I’d love to say that there is a clear sign, a meter you can attach to your client or to yourself to answer these questions. Of course, there is not. However, if we train our clients to pay attention to their internal actions and communicate with us…then we make it possible to continually work towards the appropriate struggle.

The appropriate struggle is when your client can almost accomplish the task/action without being in danger of getting hurt and can sense that it will be possible in the near future.

Wow! That’s awkward! But that’s it!
1. Safety first: NO DANGER! No danger of injury relative to your client’s imbalances and no danger of injury of falling off an apparatus or pushing too hard. (You think I jest…but I’ve seen teachers push people so hard they fall off apparatus or apparatus has fallen on them. It’s not pretty. It should never happen.)
2. Almost accomplish the action: This means it’s not perfect. It should appear to be a bit of a struggle. Your client has to fight for the exercise! And that there is a positive development from the first repetition to the last repetition. However…positive development does not actually mean nailing it! (See another really old article I wrote: Expectations: It’s About Growth – Not Perfection)
3. Sense it will be possible: That’s the kicker!

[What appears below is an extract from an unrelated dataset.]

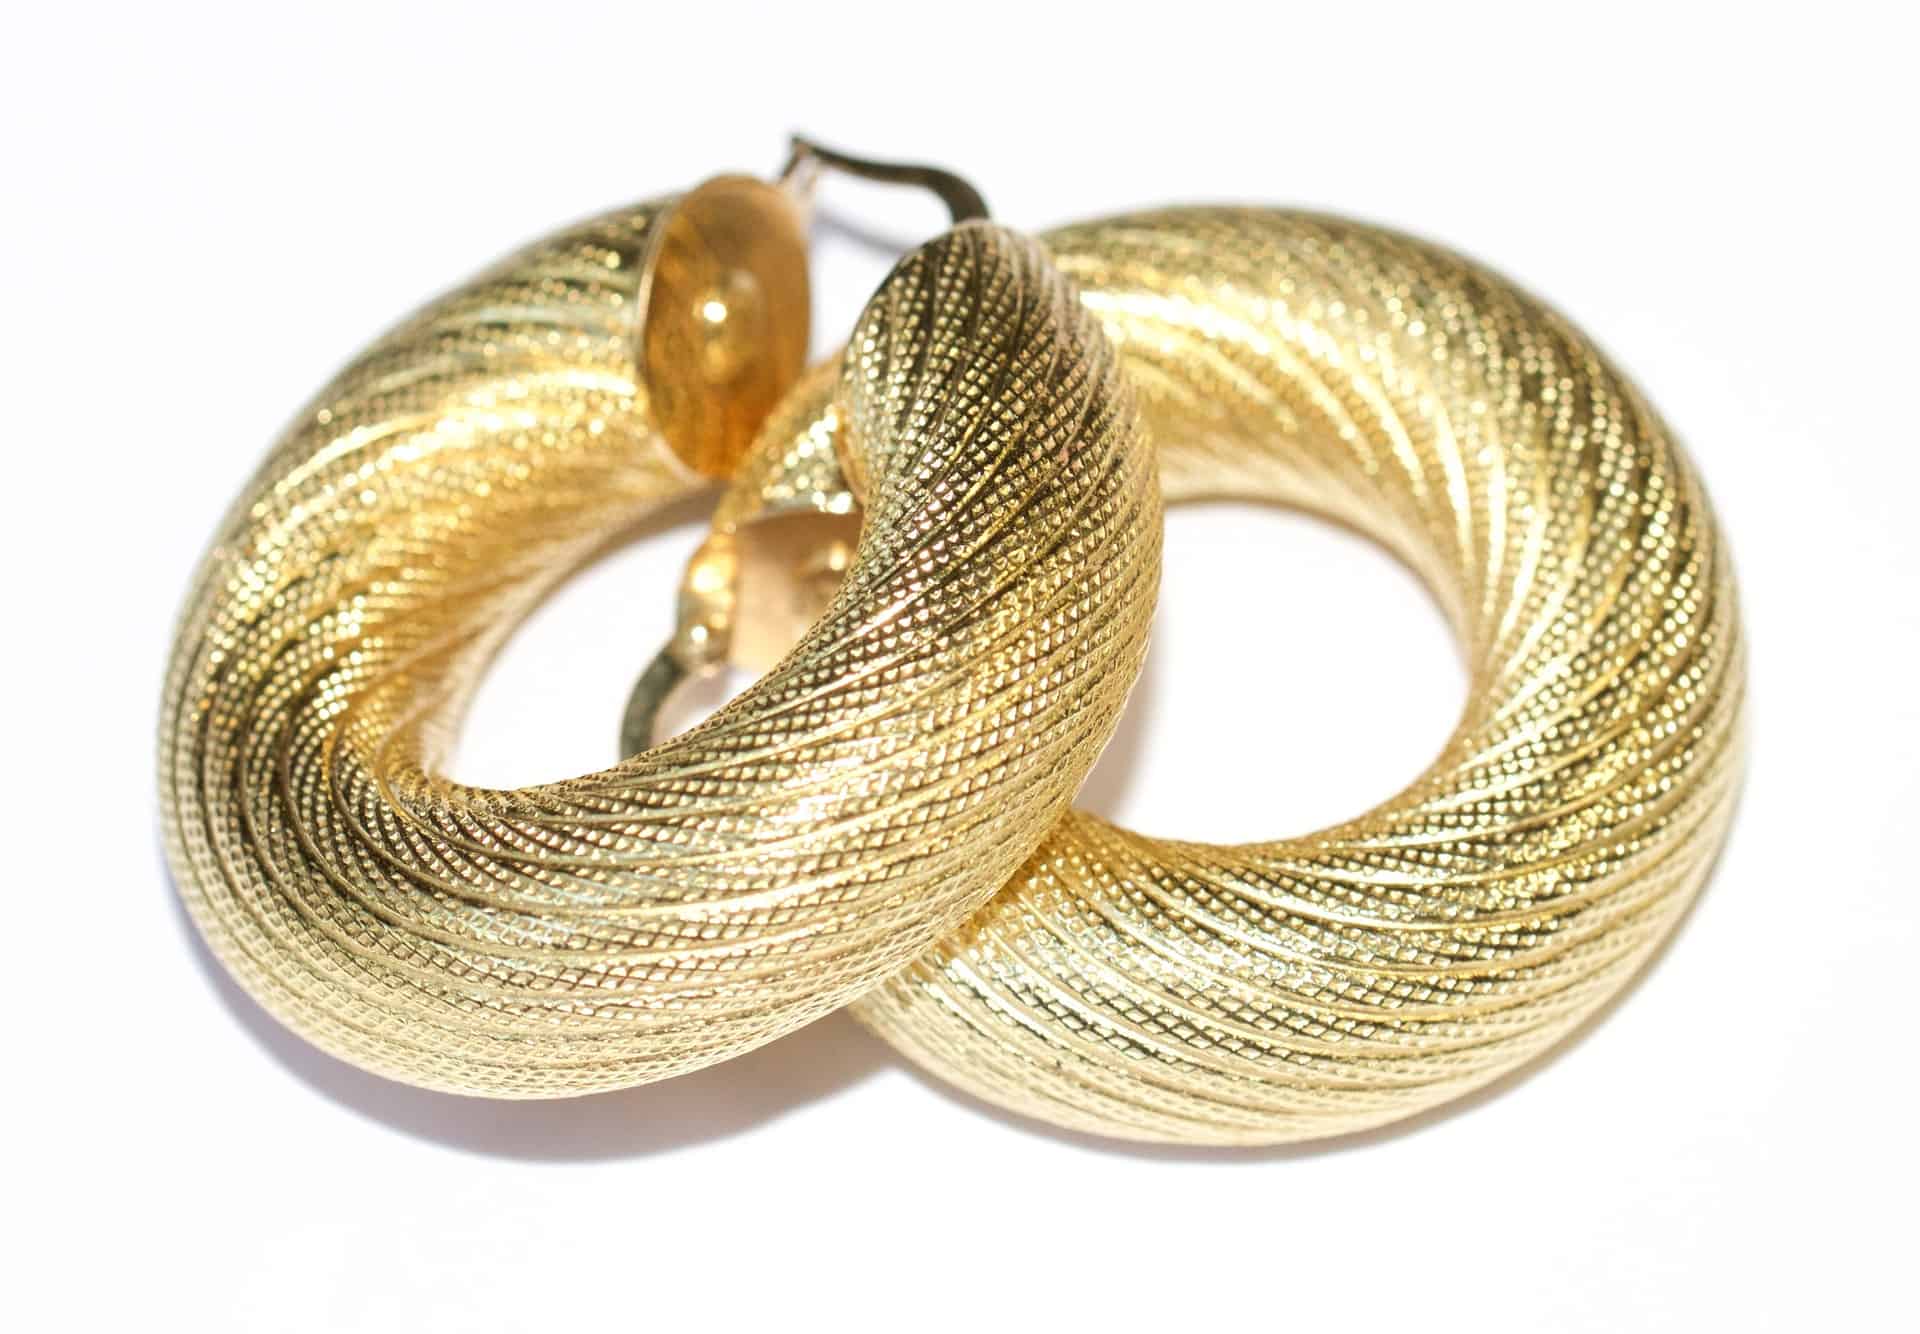 A pair of gold huggies hoop earrings

An internal sense of possibility! That’s where drive and desire come in! Your client will almost be able to taste possibility! She’ll want to do another repetition when all repetitions are completed…and you don’t let her. Because the truth is…it won’t happen in this session in that one more repetition. It will happen in the next session…not this one! If you give her that one more repetition she will  feel failure. So…you say “memorize that feeling! Let’s play with it again next session! And…next exercise is:____________!”

Toe the line of possibility and accomplishment! Get your client to the edge of her abilities of the day to excitement about what is possible for tomorrow! It’s just beyond comfort into a bit of a push. An appropriate push.

That’s key: ” An appropriate push.”

I am not a supporter of giving your clients exercises that they simply aren’t strong enough to really dig into. Some teachers choose really hard exercises so that their clients feel weak and then want to be strong enough to do it. No. Embarrassment is not a good teacher. Toeing the line: Good! Pushing beyond excitement and into embarrassment or deep competition: Not Good!

We toe the line to be slightly uncomfortable in the sense of wanting to get something that is just barely out of reach. Almost accomplishable…but not quite…you can see it and smell it and taste it… From there great strength and excitement develops! An inner sense of independence develops because you’ve gone just outside of your comfort zone and then over time you’ve achieved!

Make sense?

The other concept I expressed was the amazing independence of being able to do anything that you physically (or mentally) ask yourself to do. Well, that is something that not everyone will be able to achieve for many reasons. Physical, emotional and/or chemical barriers to being able to accomplish all. Some of our clients are acutely aware that they are limited and feel their Independence is therefore limited as well. They cannot do all that they wish to do. It’s more normal than not. Feeling limitations. However, I do believe that what we do in Pilates especially when we toe the line and make for accomplishment over time and all of the time helps our clients find more and more that they are able to do rather than focus on what they are not able to do.

Independence…are we working with our clients and ourselves (our favorite client…oh there is a piece I wrote on that right there: Your Favorite Client) in a way that we seek to accomplish what is just out of reach all of the time? Can we help our clients focus on what they can do more than what they cannot do. And not by saying…but by letting them experience it!

As always, if you have any questions, comments or concerns, please write in the comment section! I’m glad to have a discussion!

Thank you for having taken he time to read this article and I hope it encourages you to move forward in your teaching and practice in this stunning way!

If you have any questions at all or want to share your thoughts in the comment section, please do!

****Live-Streaming and Recorded Sessions: Twice a week I hold live-streaming group sessions with teachers that are recorded. People join in from all over the world both in the live-stream and viewing the recordings. In the live-stream, I see everyone and cue you as though we are in the studio together…individually. If you would like to learn more about these remarkable sessions, go to: https://www.theverticalworkshop.com/#/classes/

****Workshops: Please view the workshop list in the side column/bar. I hope to see you soon! Or go to: https://www.theverticalworkshop.com/workshops/

****Skype Sessions: Let’s work together no matter where we both are! I teach Skype sessions all over the world each week! Email me to set up a session! info@TheVerticalWorkshop.com
More information is here: https://www.theverticalworkshop.com/#/sessions/

****Consultation: Are there clients you’d like to discuss? Issues in the Pilates studio of any sort: Pilates exercises, biomechanics, teacher dynamics, teaching tools…anything else? We simply set up a Skype appointment and work together! Again, email me at info@TheVerticalWorkshop.com


July 4, 2017 at 12:46 pm 4 comments

What will it be this year?



What will it be for you this year?
The year it was Capoeira was perhaps the most life-enhancing for me.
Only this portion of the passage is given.